The detailed evaluation of the relative abundance of hub genes across diverse cell types is visually presented in Figure 7D-7O. Notably, KPNA2, SLC20A1, SCMMS3, and TAP2 exhibited remarkable expression in various cell types, which may provide compelling evidence suggesting that the hub-genes probably influence the composition and dynamics of the TME.

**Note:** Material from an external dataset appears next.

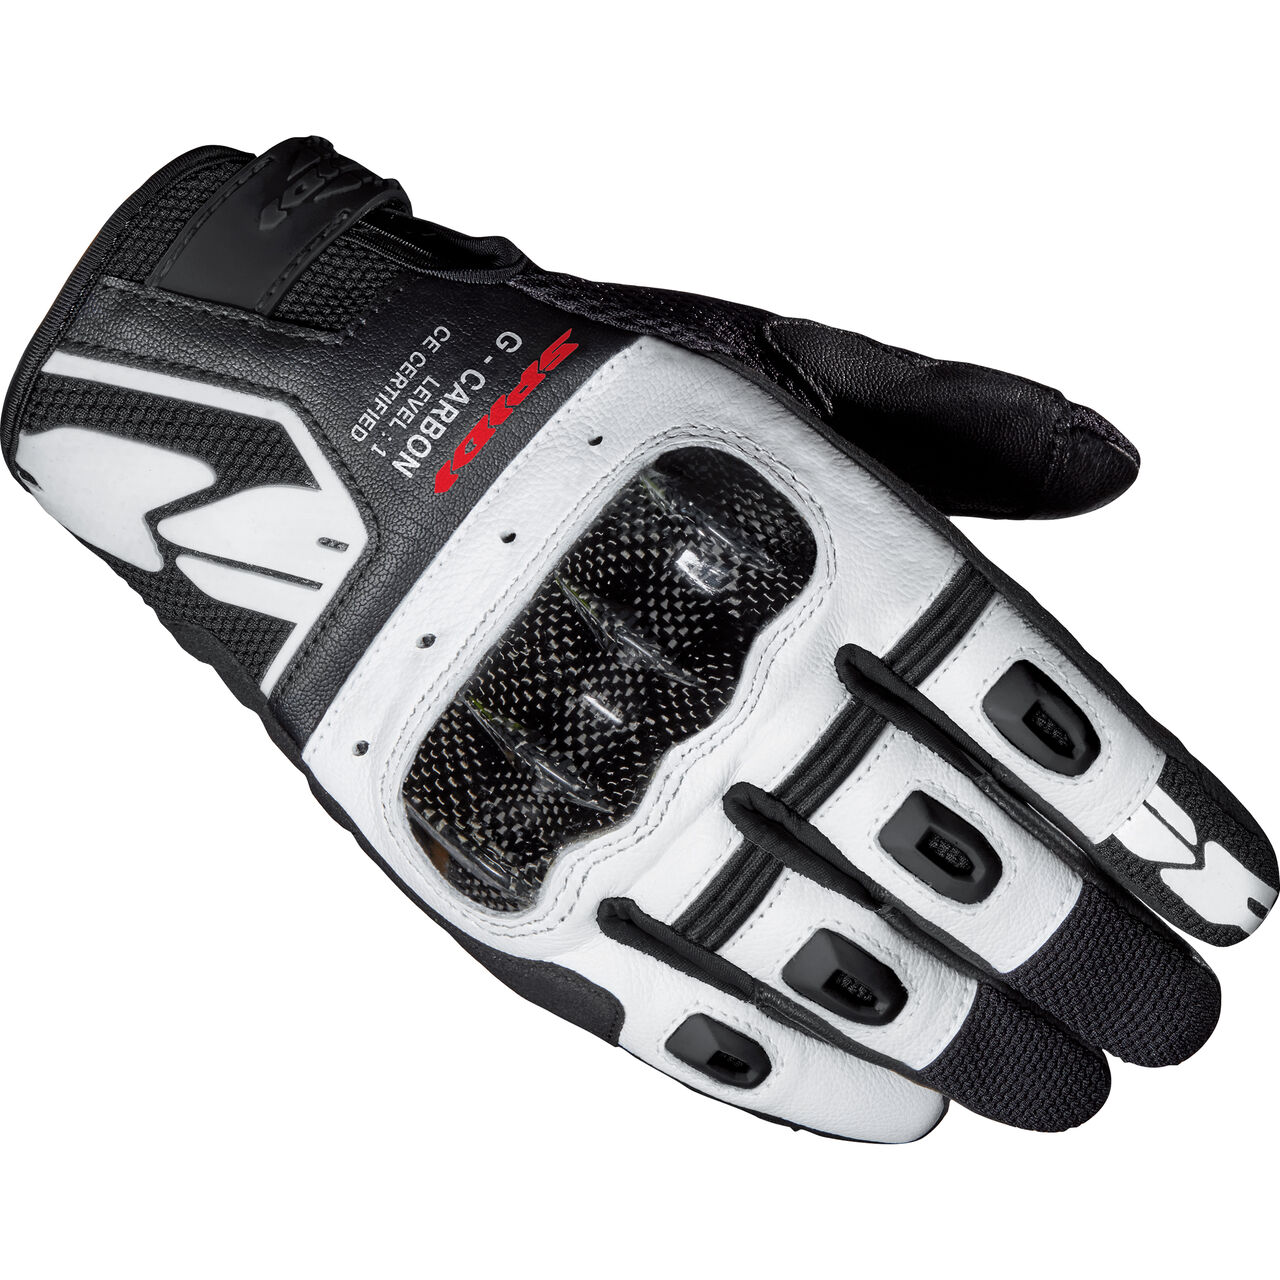 G-Carbon Handschuh weiß/schwarz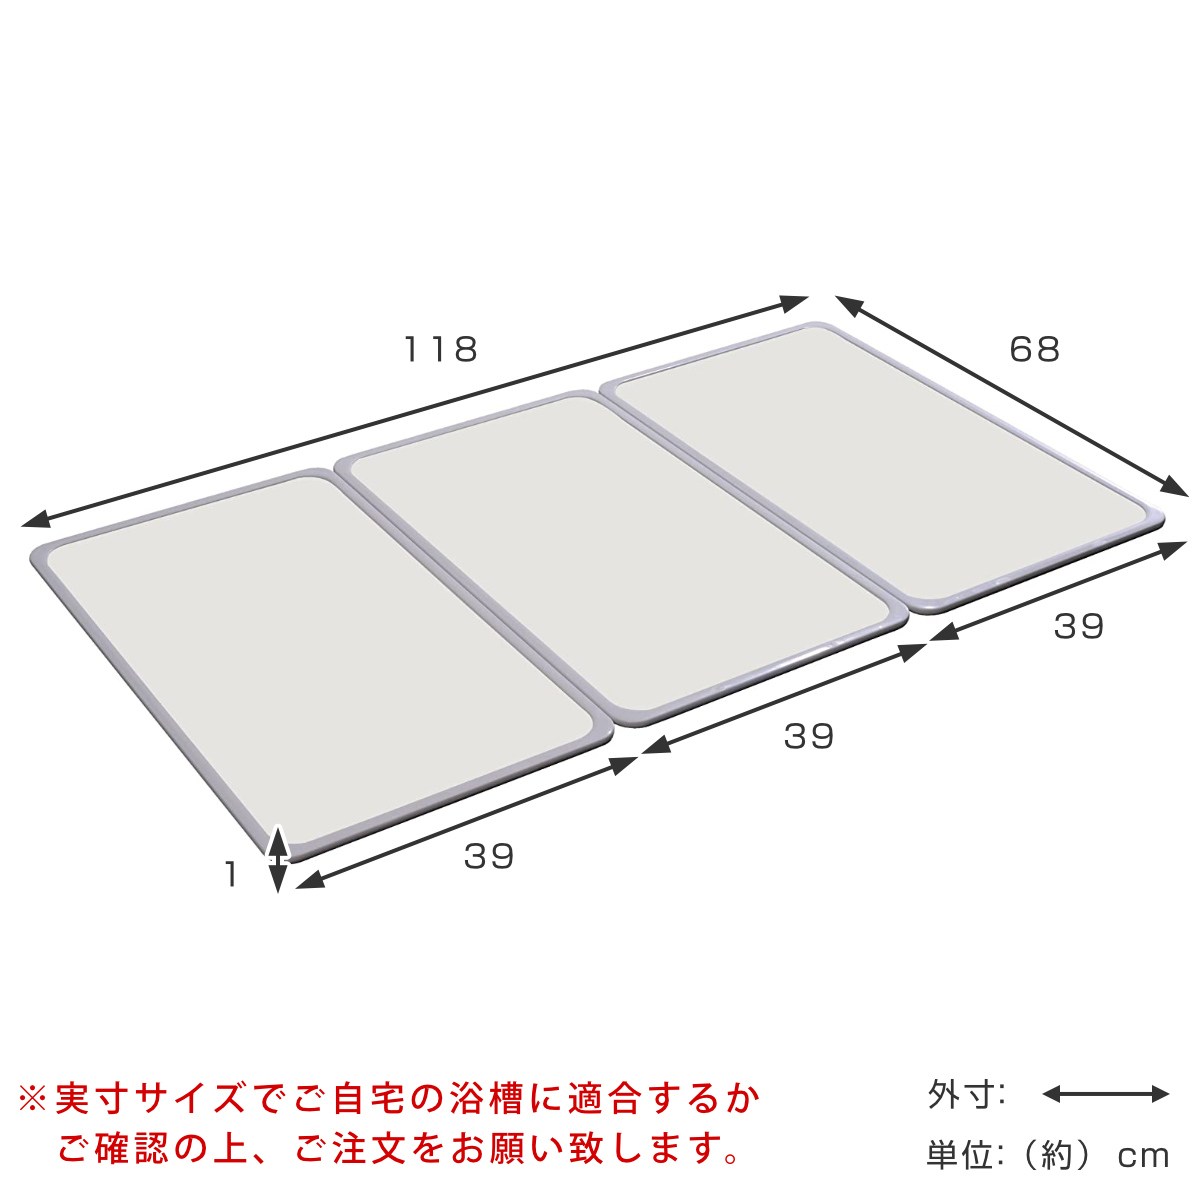 特典付き 抗菌 風呂ふた 組み合わせ 70×120cm 用 M12 3枚組 日本製

3.6 Establishment of prognostic signature
The TM clusters and their correlation with risk scores have undergone thorough investigation. Patients in TM cluster A predominantly exhibited low risk scores (Figure 8A). This alignment with the results from survival analysis (Figure 3F, 5D-5F) underscored the reliability of risk scores in predicting the OS of CMM. A comprehensive multivariate analysis was conducted to assess the impact of risk score and clinical features, including age, gender and stage, on the OS of CMM. What’s more, the cumulative analysis also confirmed the stratification ability of risk score (Figure 8B). The survival outcomes of CMM patients were vividly presented and quantified using a nomogram plot (Figure 8D). The cumulative score from each covariate provides a valuable tool for predicting individual patient OS rates at 1, 3, and 5 years. Additionally, the calibration curve in Figure 8C showcased that the signature's performance was well-controlled to prevent overfitting. The decision curve analyses (DCAs) at 1 year (Figure 8E), 3 years (Figure 8F), and 5 years (Figure 8G) underscored that the nomogram yielded a substantially higher net clinical benefit, further affirming its prognostic value in CMM.